• _Brief_:
Every entry below is to be copied word for word, with its pictures removed.
▼
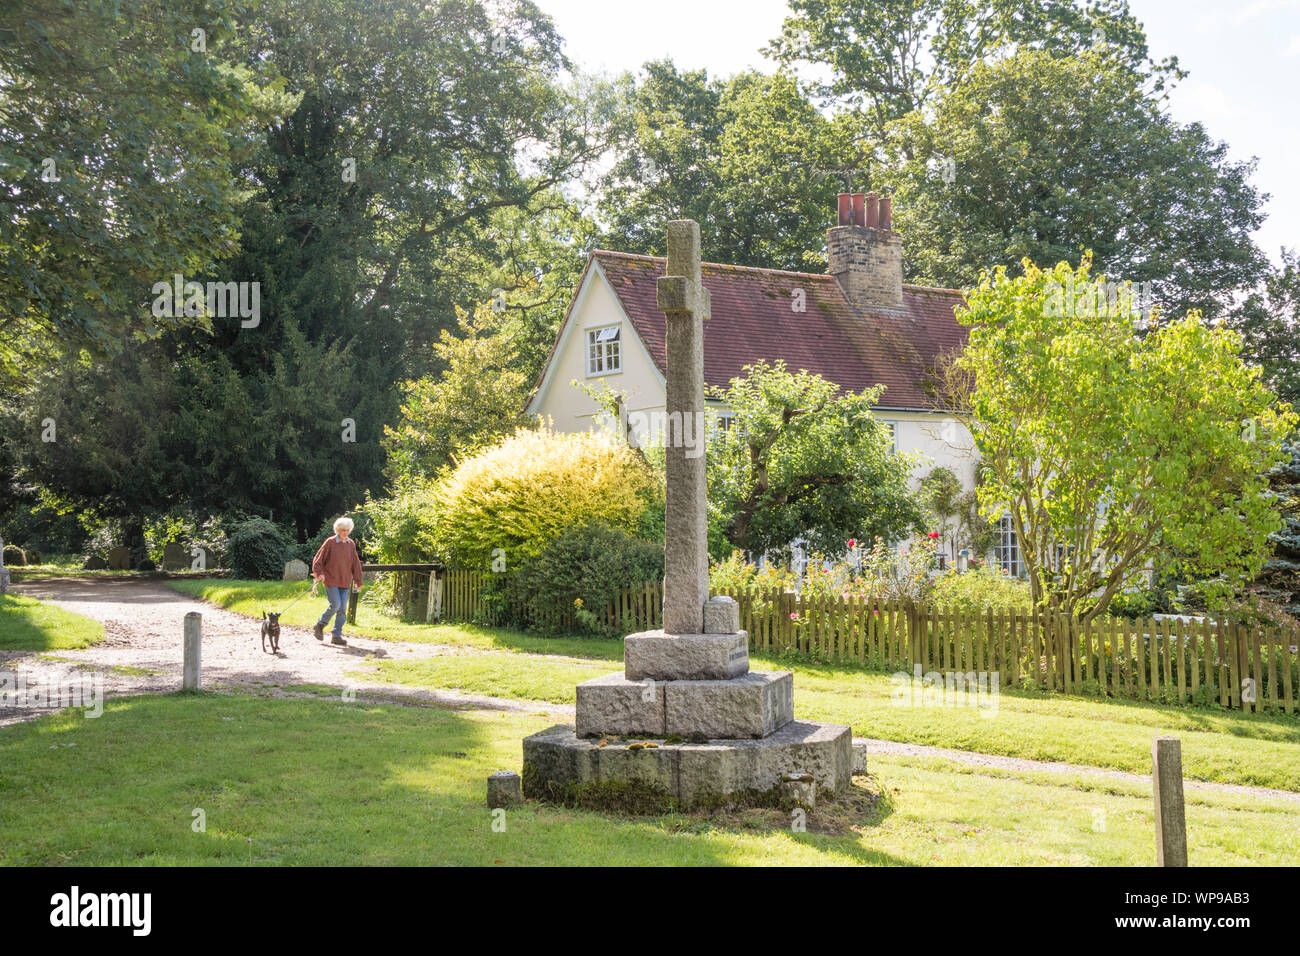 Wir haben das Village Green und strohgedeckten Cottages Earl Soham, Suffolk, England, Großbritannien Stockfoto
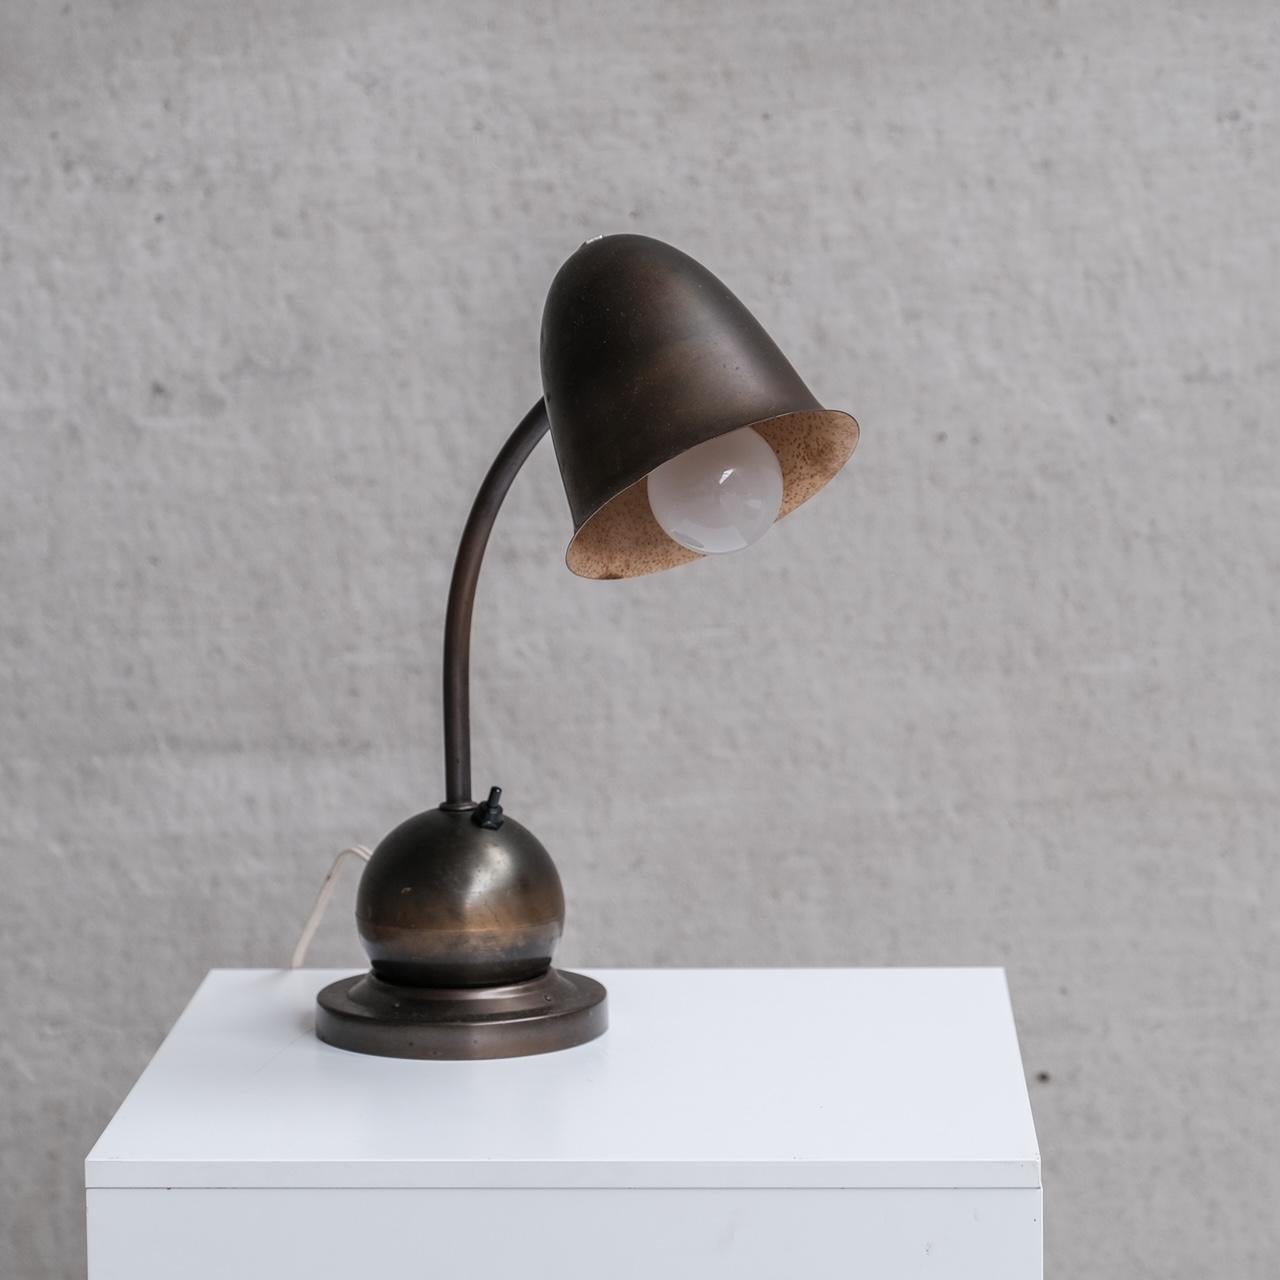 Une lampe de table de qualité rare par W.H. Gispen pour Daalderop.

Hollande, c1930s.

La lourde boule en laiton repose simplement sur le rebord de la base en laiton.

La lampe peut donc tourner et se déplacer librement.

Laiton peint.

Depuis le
▲
• _Result of this exercise_:
 Wir haben das Village Green und strohgedeckten Cottages Earl Soham, Suffolk, England, Großbritannien Stockfoto
 Une lampe de table de qualité rare par W.H. Gispen pour Daalderop.

Hollande, c1930s.

La lourde boule en laiton repose simplement sur le rebord de la base en laiton.

La lampe peut donc tourner et se déplacer librement.

Laiton peint.

Depuis le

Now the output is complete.